Supplied material:
****************
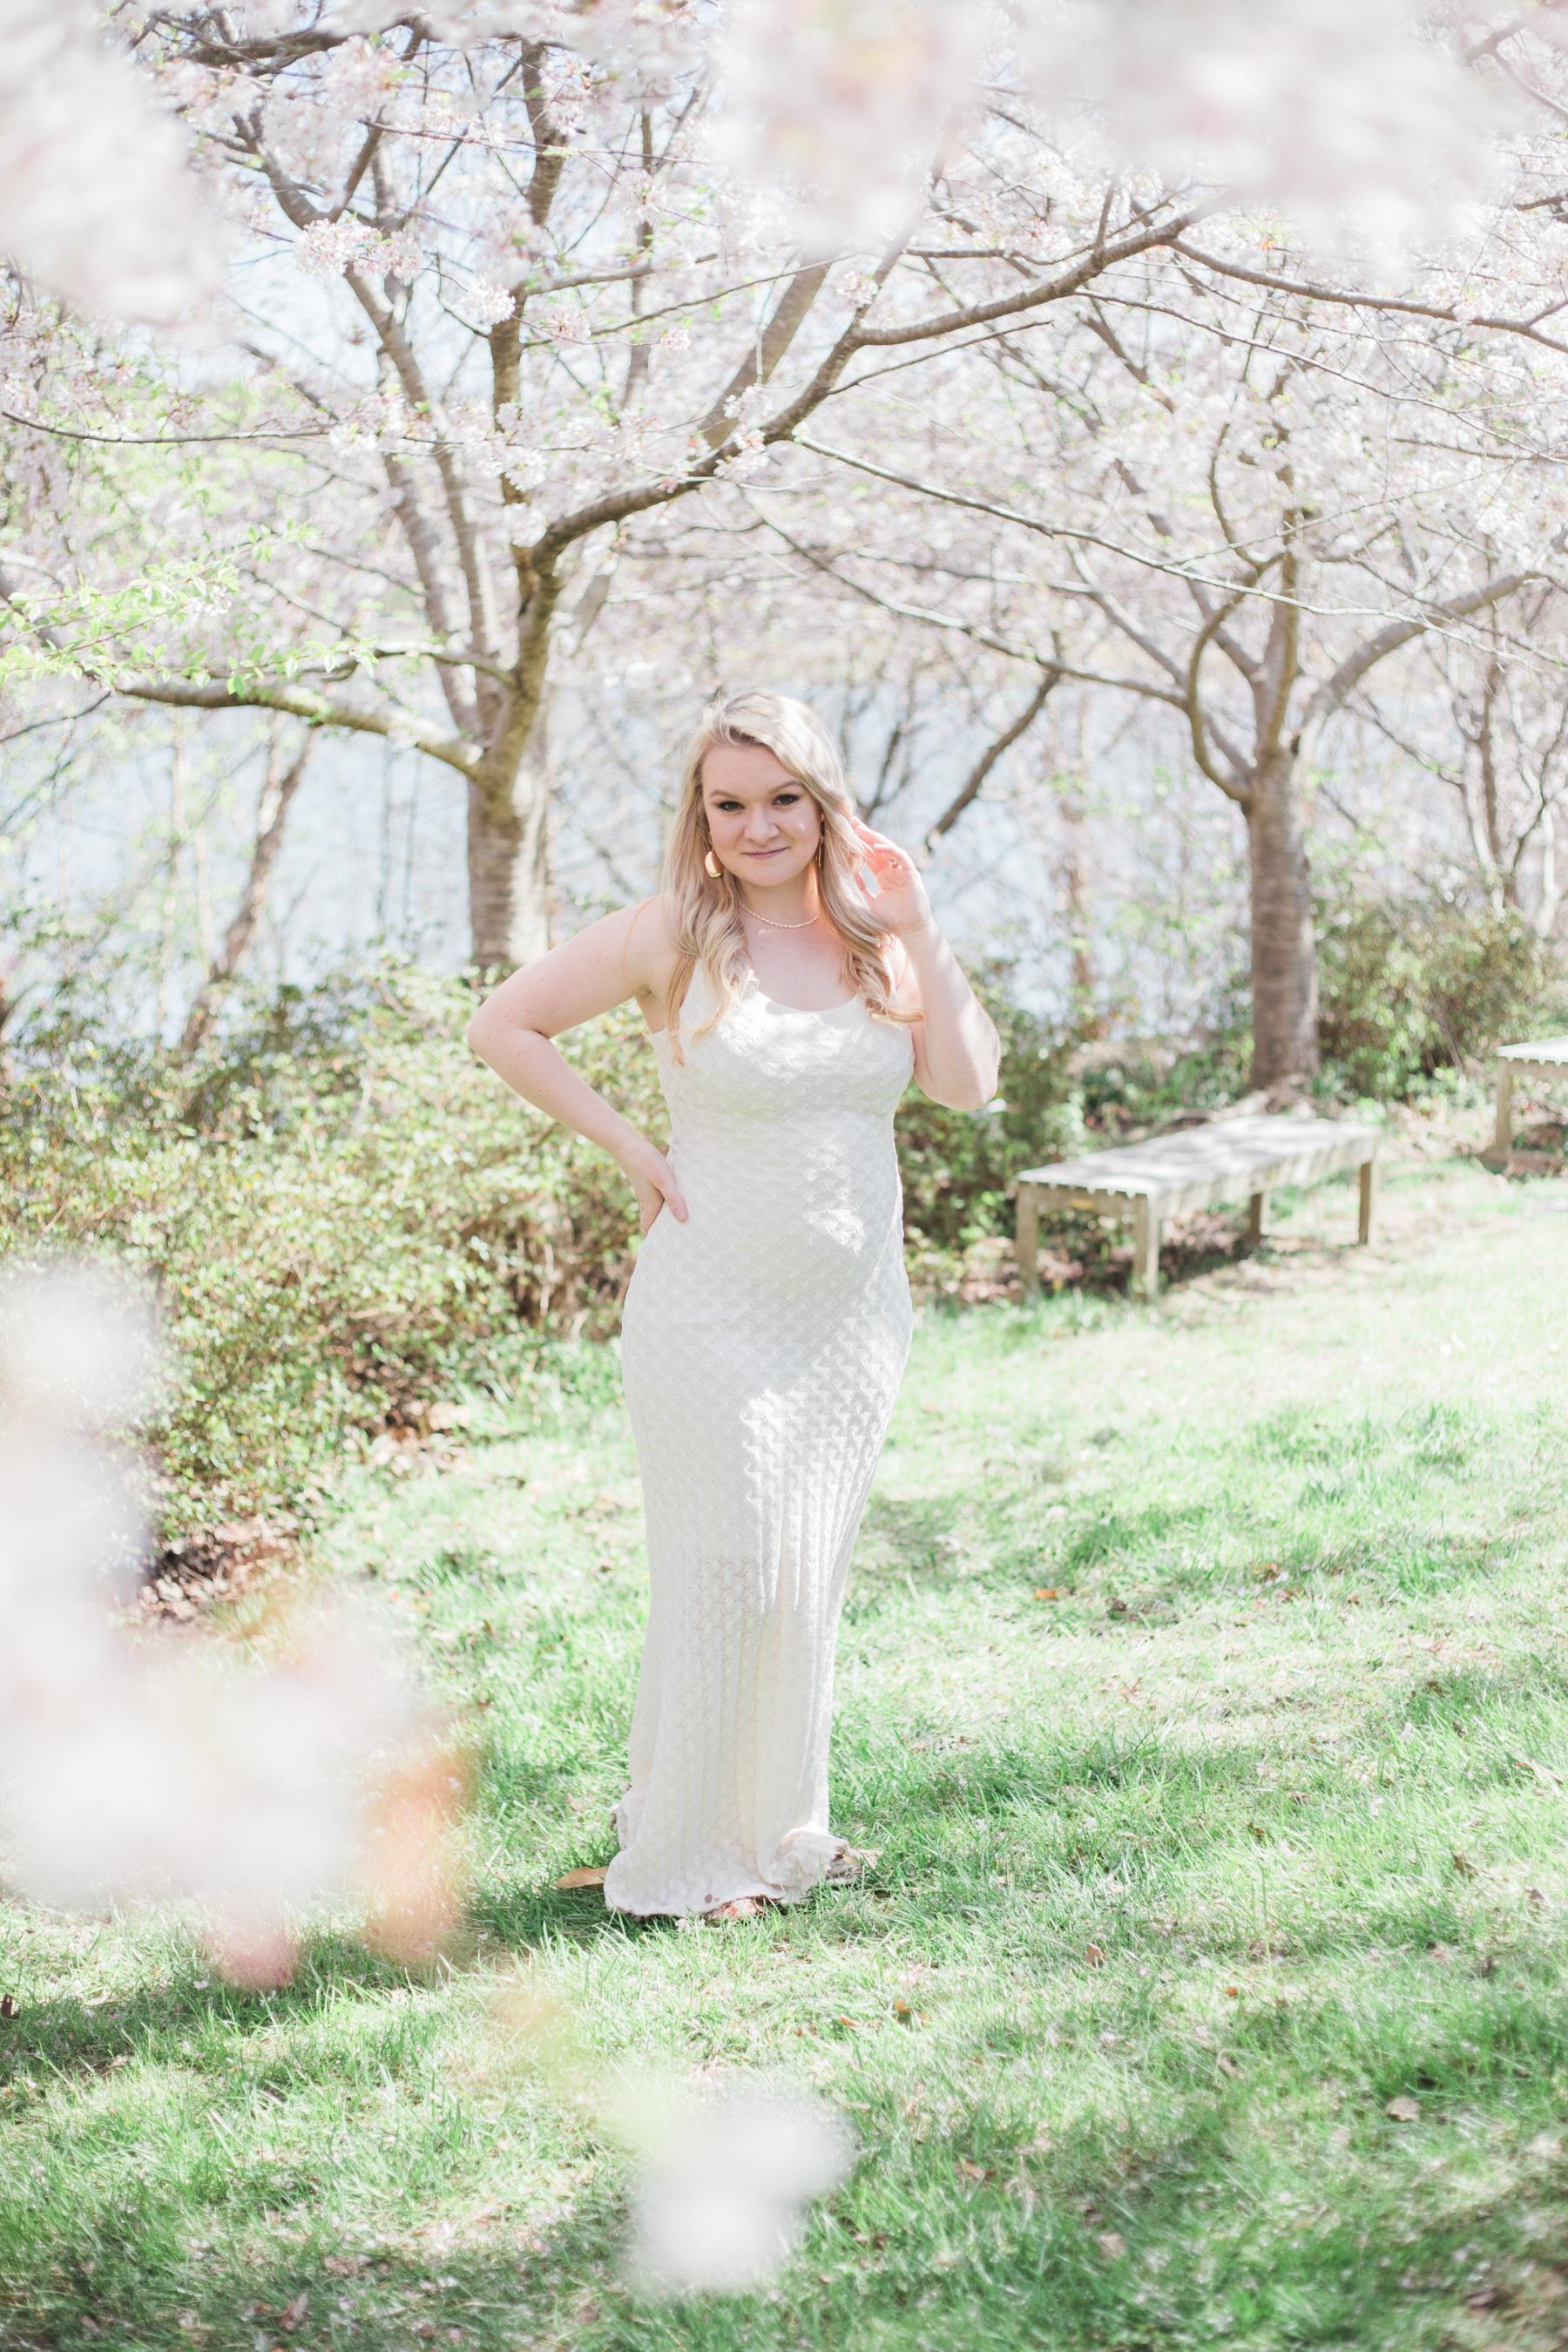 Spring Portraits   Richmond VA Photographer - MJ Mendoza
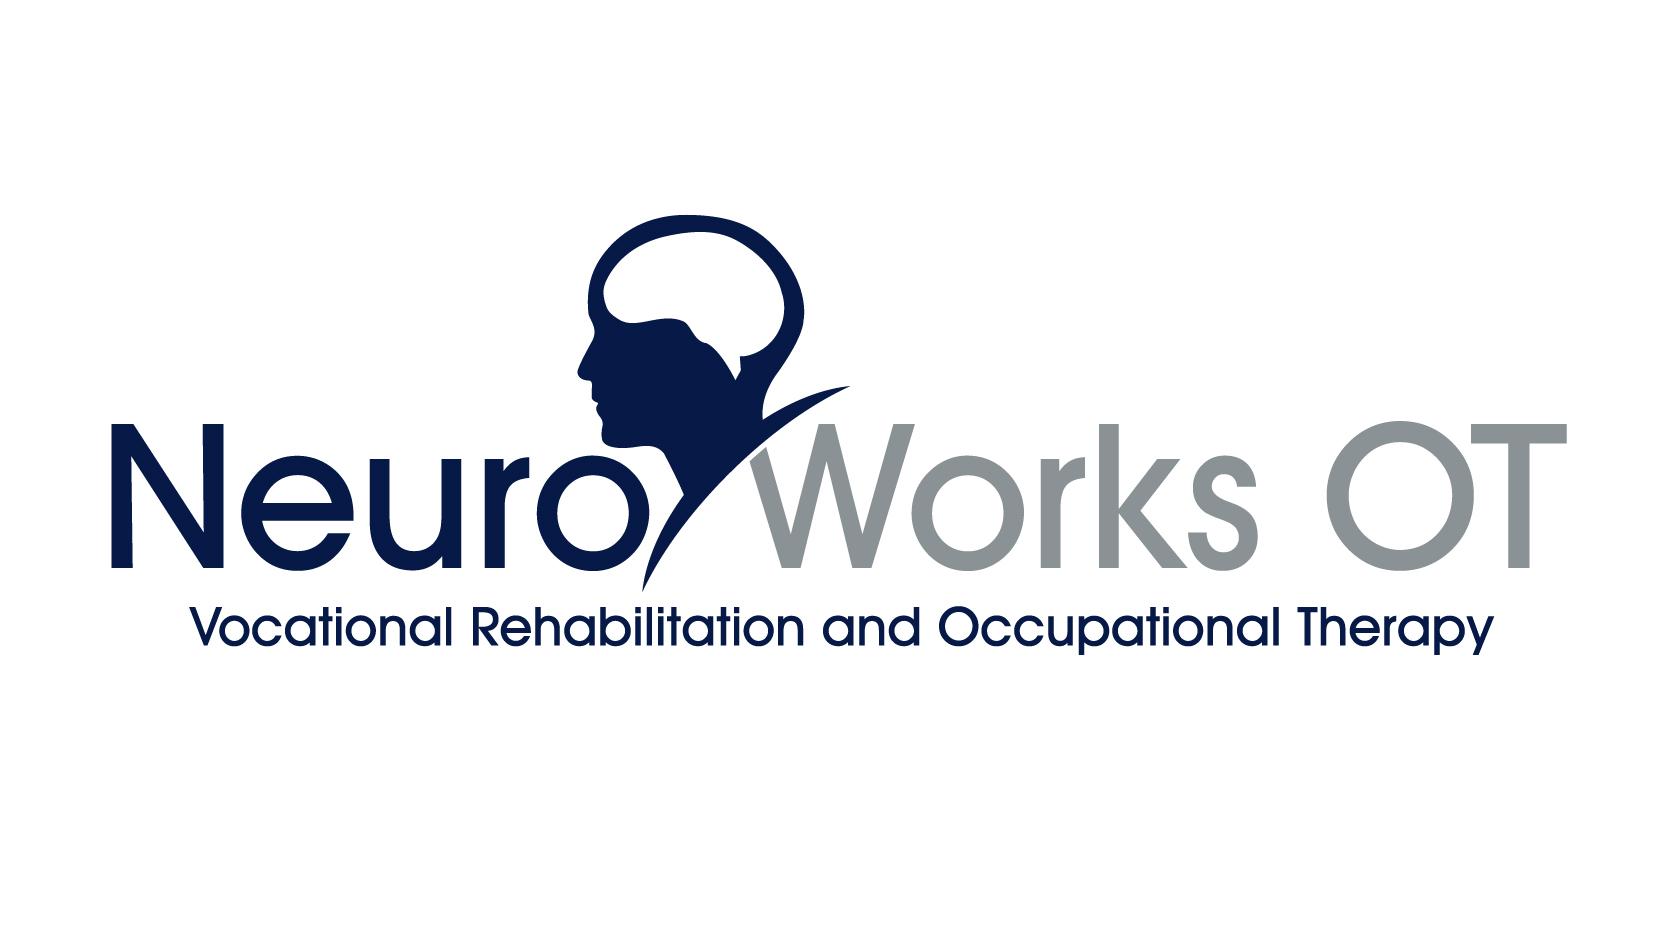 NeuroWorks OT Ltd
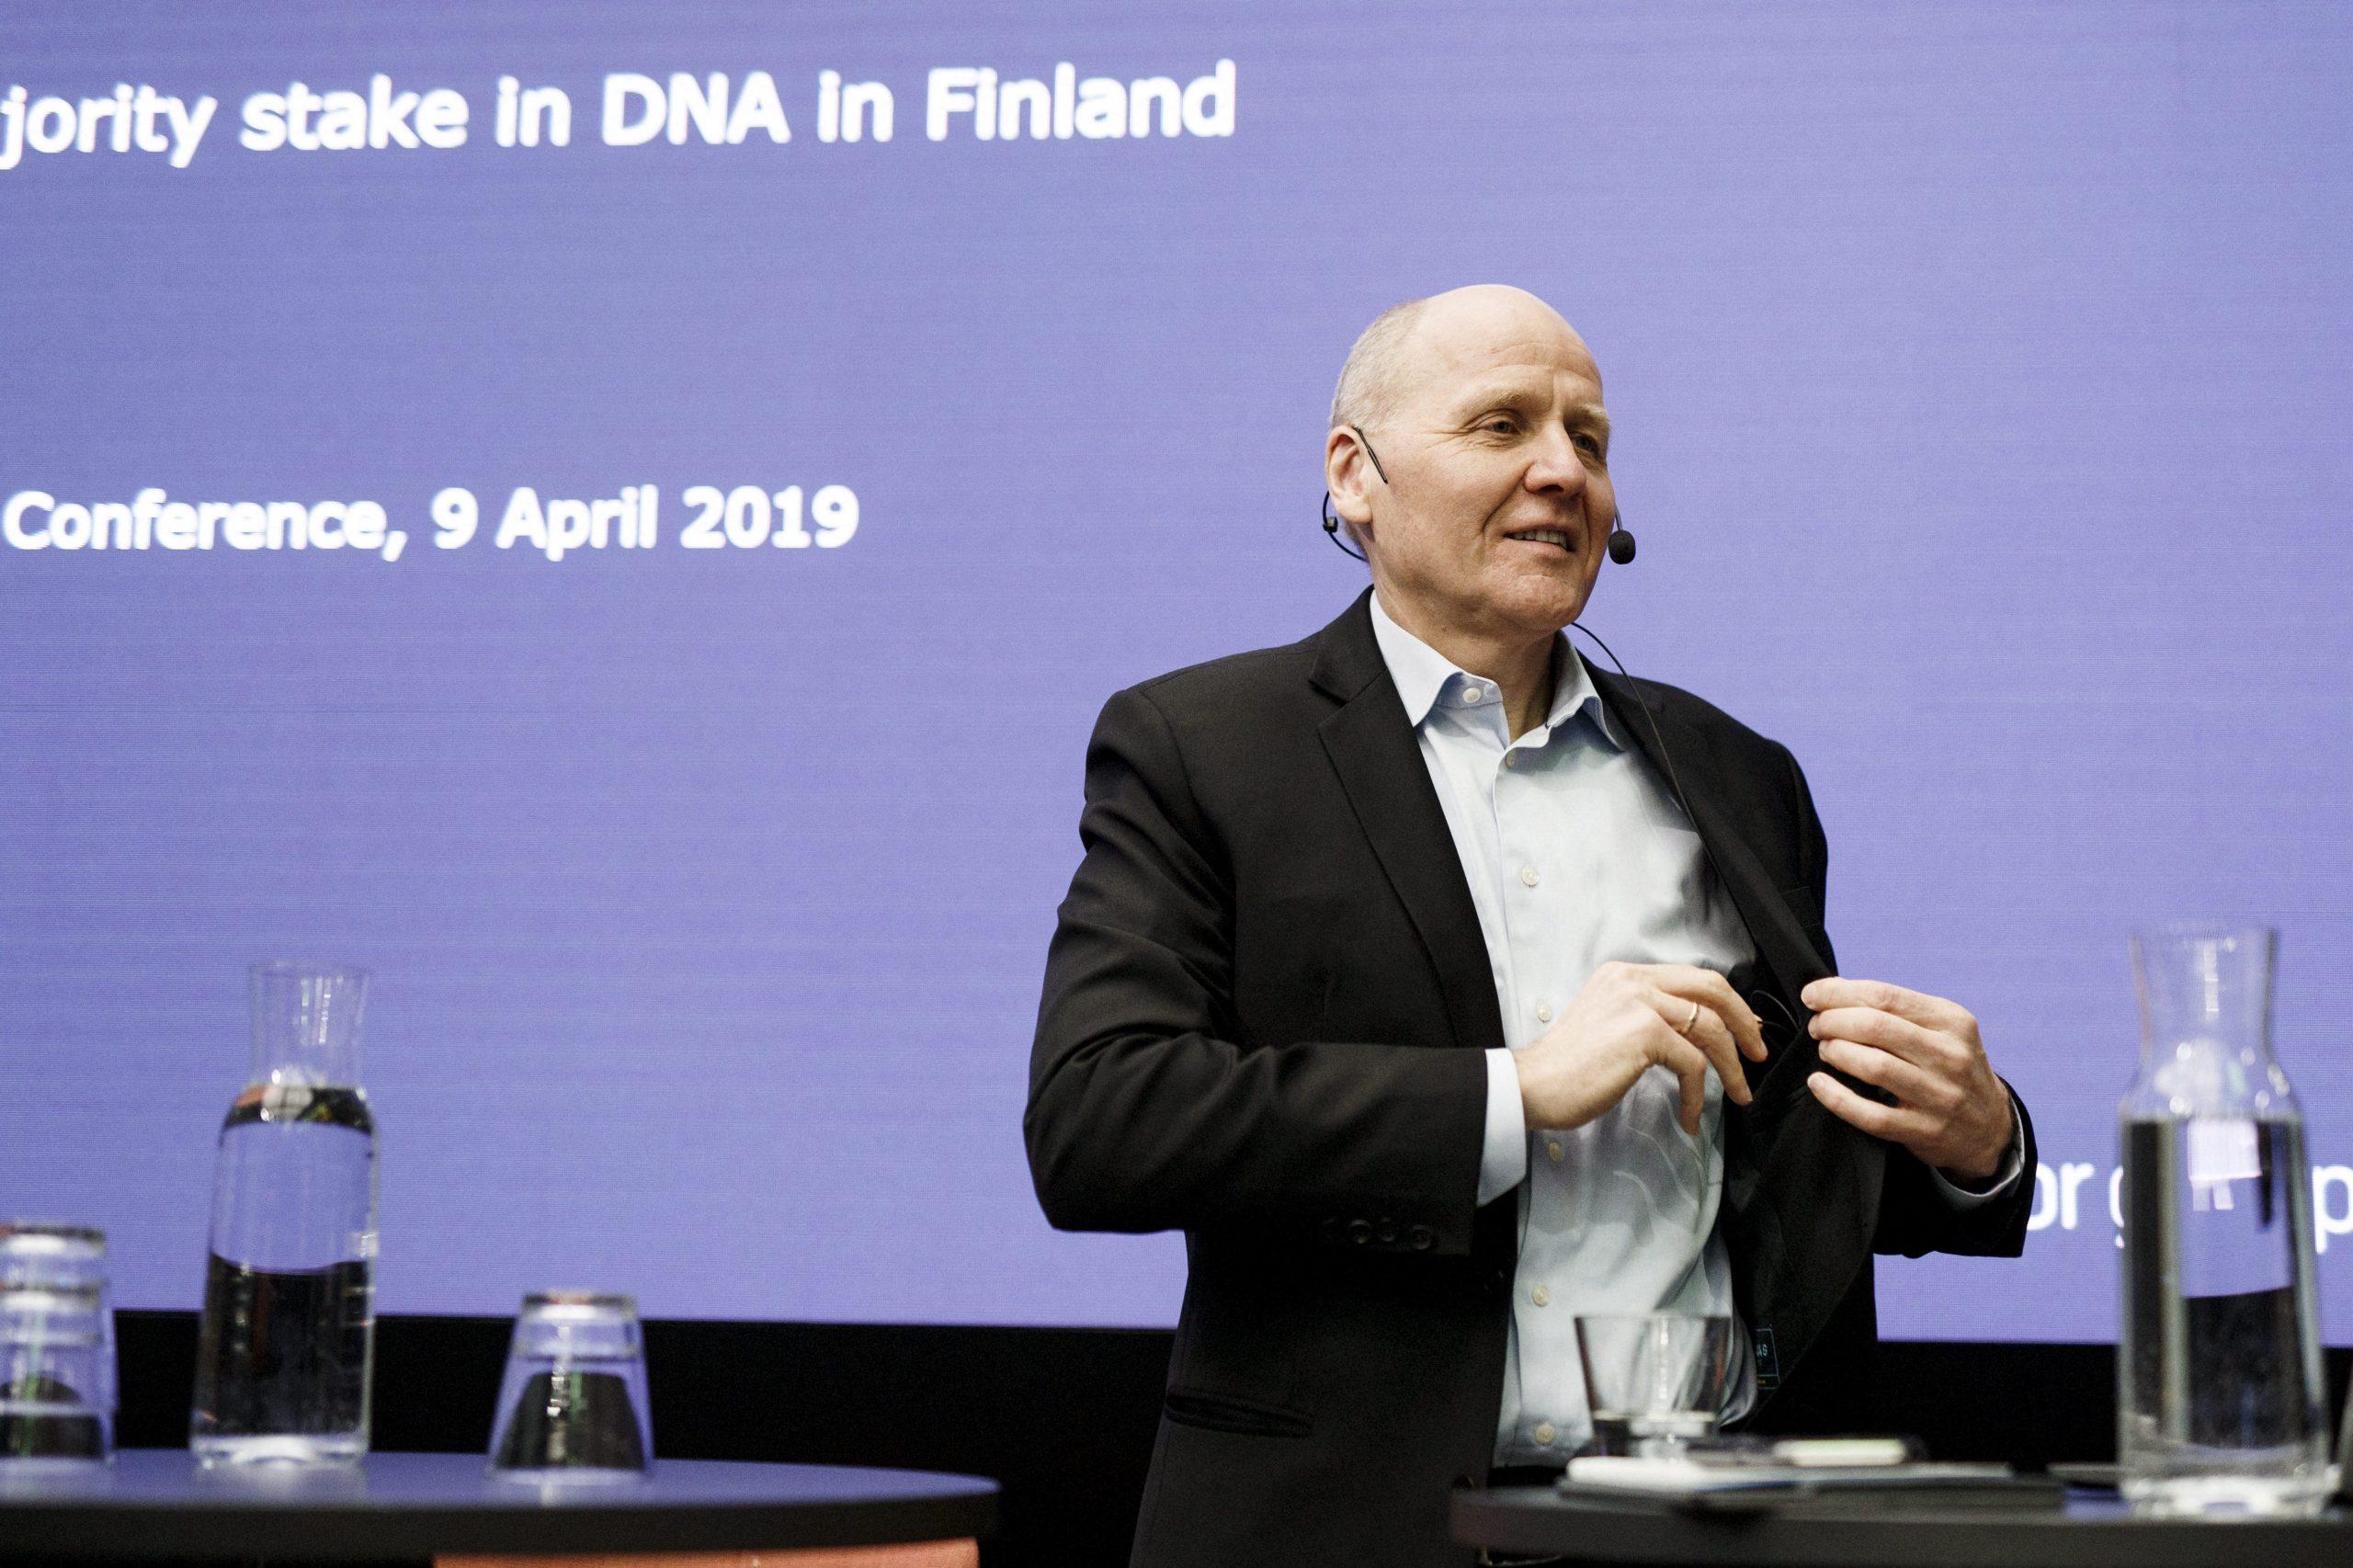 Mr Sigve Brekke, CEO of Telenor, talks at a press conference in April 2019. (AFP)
****************
For the material above, repeat each line exactly and leave out the pictures.

Response:
 Spring Portraits   Richmond VA Photographer - MJ Mendoza
 NeuroWorks OT Ltd
 Mr Sigve Brekke, CEO of Telenor, talks at a press conference in April 2019. (AFP)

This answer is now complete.